Но Лелде ничего не говорит.

По пути на ночлег в направлении к мызному парку над их головами пролетает нестройная стайка галок. Большие деревья в той стороне уже одеваются предвечерней серо-фиолетовой дымкой и та затягивает легкой мутью жемчужно-розовый небосклон.

– Послушай, – наконец заговаривает она, хотя и не глядя на Айгара, а провожая глазами птиц,

– Ну?

– Чего бы ты хотел больше всего? Если бы мог выбирать…

– Я? – откликается Айгар, тоже не оборачиваясь, к Лелде; запрокинув голову так, что чуть не слетает шапка, он тоже следит взглядом за галками. – Ясное дело чего – я хотел бы ружье!

– Ружье? – Она сводит темные брови и, помолчав, пока не удалились птицы, продолжает: – Ну а серьезно?

– Я же сказал – чтобы у меня было ружье! Двустволка. А еще лучше – автомат, он сам подает патроны из магазина в ствол.
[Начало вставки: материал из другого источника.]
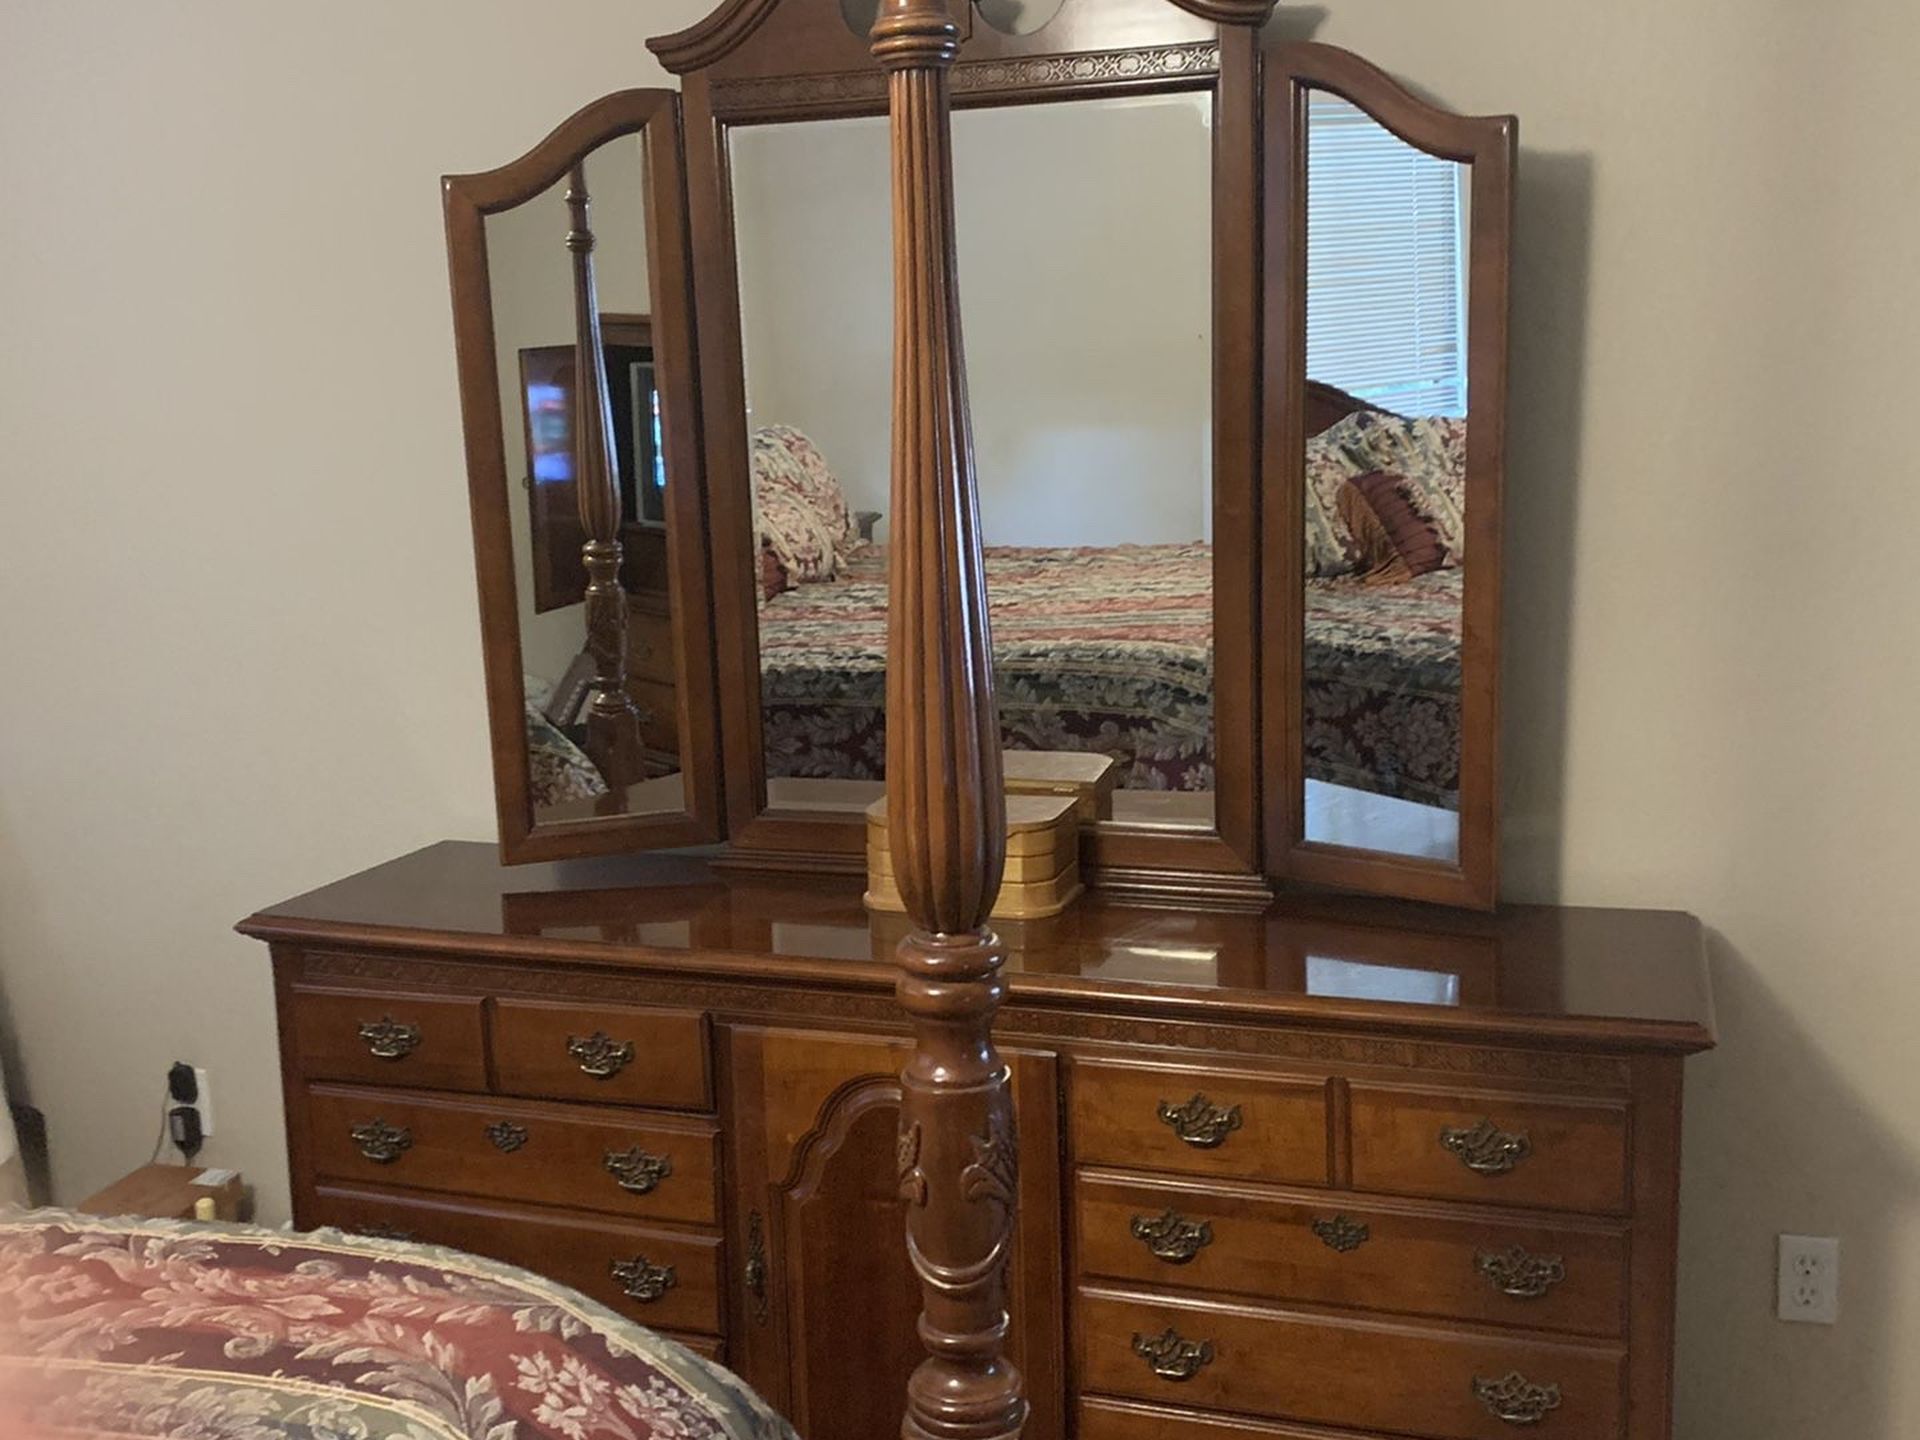 6 piece cherry bedroom set. 4 poster bed, 2 nightstands, 1 large dresser with mirror, 1 tv cabinet with large drawers, and lingerie chest.

Теперь Лелде переводит взгляд на Айгара.

– Неужели правда у тебя нет никакого желания? Совсем никакого? – Она искренне удивляется, хотя он выразил свое желание достаточно ясно и понятно.
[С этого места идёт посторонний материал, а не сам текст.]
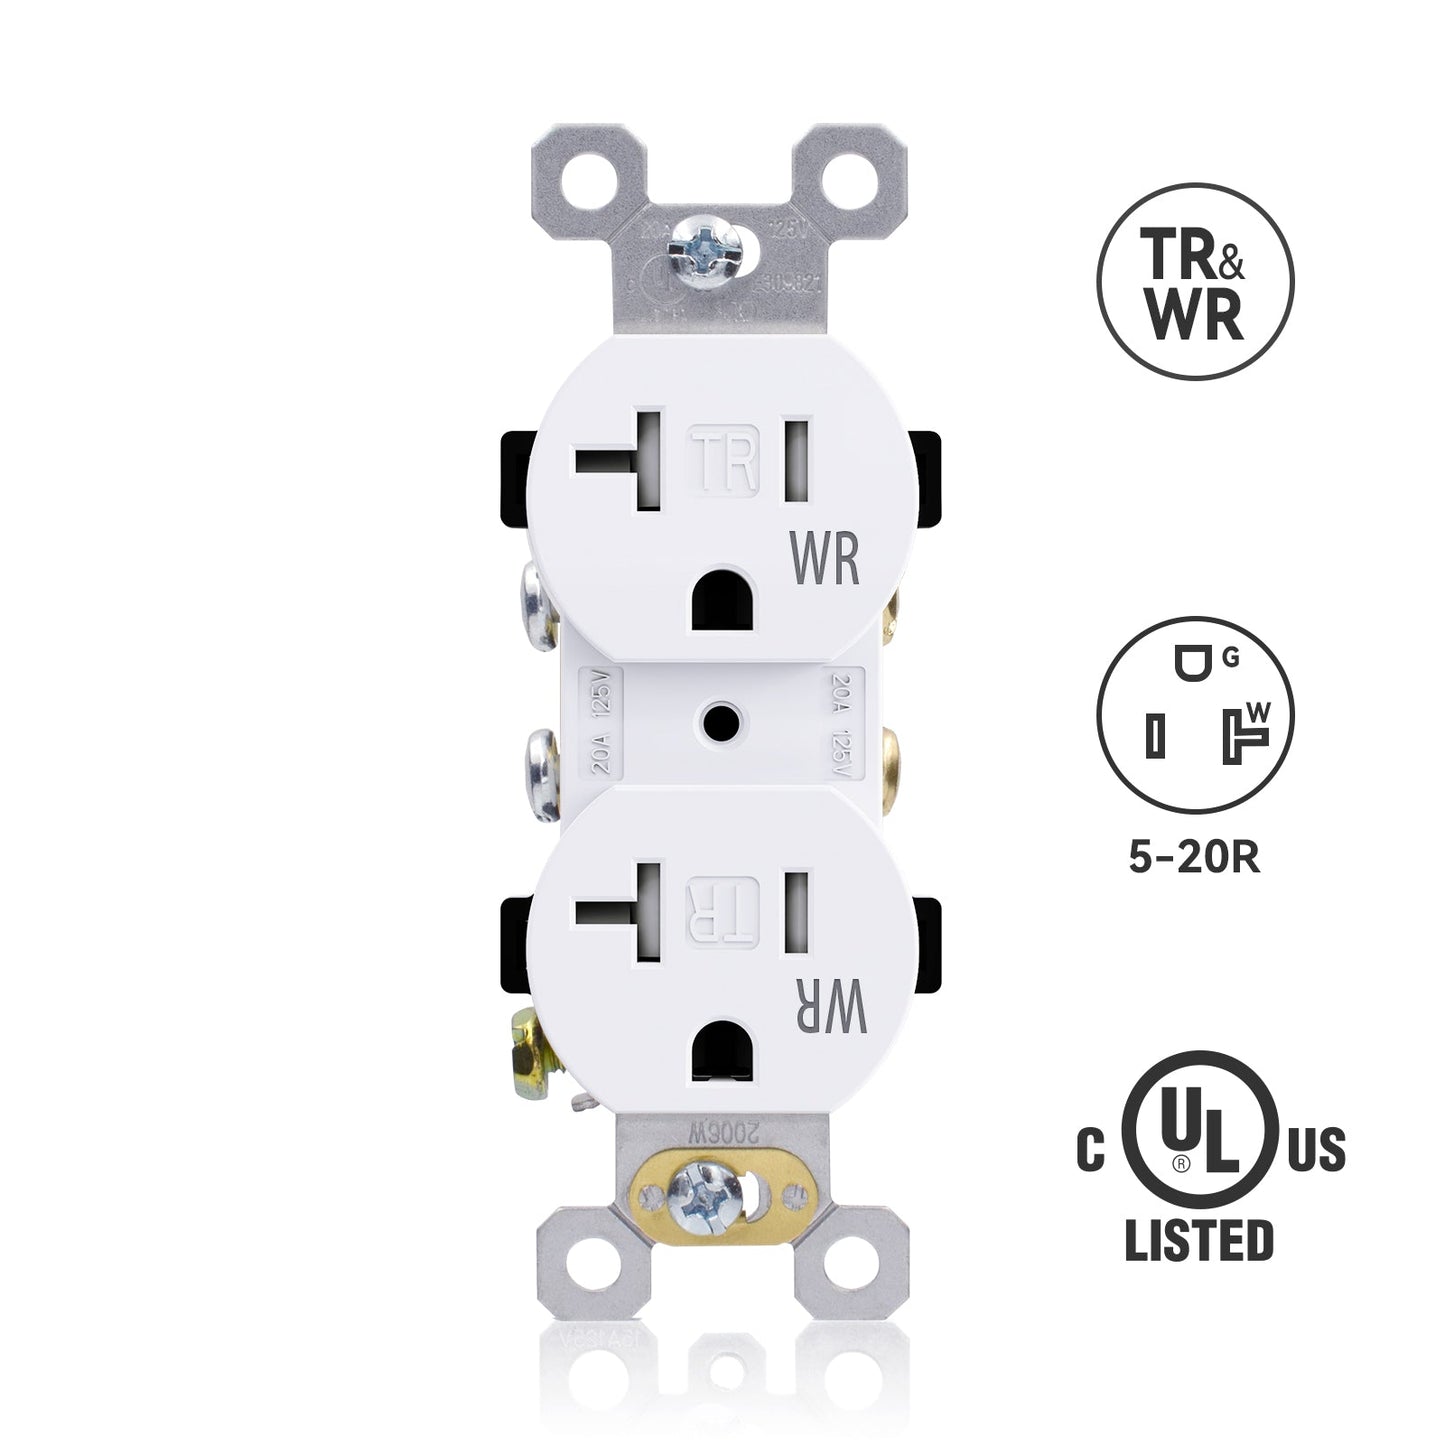 ELEGRP Duplex Outlets 2 Pole 3 Wire Grounding 20A 125V TR & WR Black Receptacle for Residential Use

– А еще мне хотелось бы мотоцикл, – добавляет он. – Маленький «козлик», как у Ингуса, а лучше всего, конечно, «Паннонию», и не какую-нибудь – с коляской.
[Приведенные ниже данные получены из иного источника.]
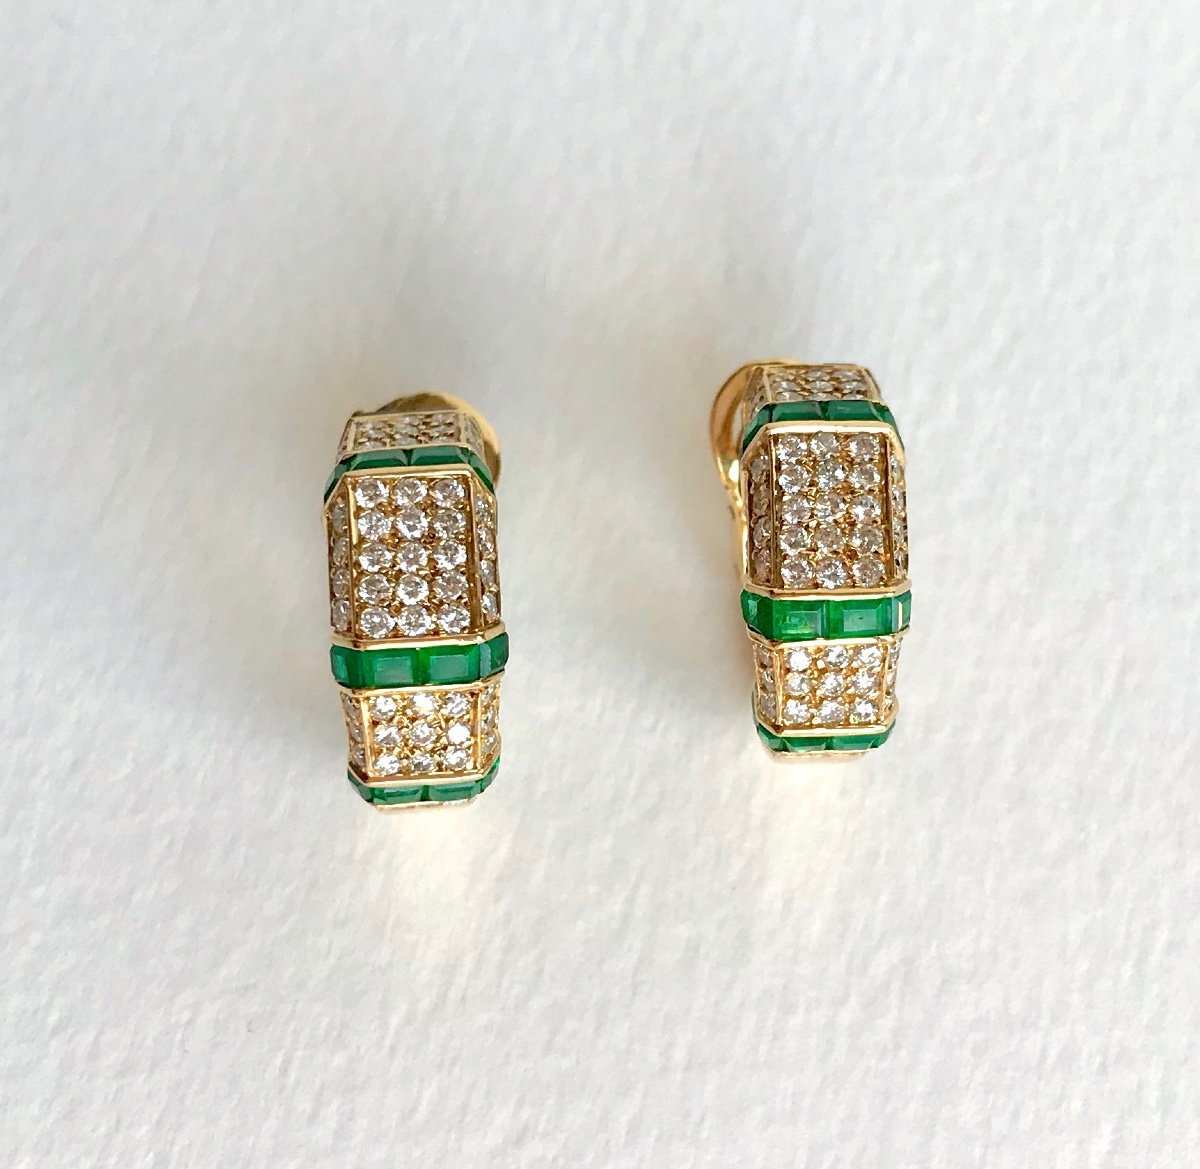 Piaget Earrings In 18 Kt Yellow Gold Diamonds And Emeralds.

Лелде неловко стряхивает с сигареты пепел.

– Боже мой, да зачем тебе коляска? – недоумевает она.

– Зачем? – переспрашивает Айгар и сплевывает в снег. Вот так вопрос! Да мотоцикл с коляской это же совсем другое дело, чем без коляски, мотоцикл с коляской… это почти «Запорожец»! – А зачем другим? – отвечает он вопросом на вопрос и опять сплевывает.

– А зачем другим? – эхом отзывается она в тон Айгару и смеется.

И его это вдруг задевает, ведь мотоцикл – свой собственный моцик, да еще с коляской – его мечта, а мечта дело святое, ее нельзя касаться, разглядывать свысока и осмеивать, даже если это делает Лелде, и может быть, именно ей меньше всего следует это делать: ведь у Каспарсонов есть машина, хоть и только «Запорожец», но положа руку на сердце он все же мощнее самого распрекрасного моцика, мощнее «Явы», и той же «Паннонии», и даже большого «Ижа». И ему вдруг приходит в голову: а чего, интересно, желает человек, если у него есть машина? Наверно, вторую? «Москвича», если у него есть «Запорожец», или «Волгу», если у него «Жигули»? А если есть и «Волга»? Чего желает человек, у которого есть «Волга»?

Лелде перевешивается за перила и кидает вниз сигарету. С шипением падает та в полынью, скользит поверху к кромке льда и, подхваченная течением, пропадает из виду.

– А чего хотела бы ты? – спрашивает он не без вызова, так как в душе все еще зол на Лелде за ее смех. Подумаешь, тоже мне… А все же обидно, черт побери!

Лелде оборачивается и, думая о чем-то своем, Ангару неизвестном, прямо светлеет лицом, не улыбается или смеется, а именно светлеет, так что желание ее должно быть особенное, и Айгар ее одобряет:

– Ну, валяй!

Но Лелде отвечает уклончиво:

– Ты будешь смеяться.

Так она говорит и не прибавляет ни слова, только в задумчивых глазах играют светлые огоньки.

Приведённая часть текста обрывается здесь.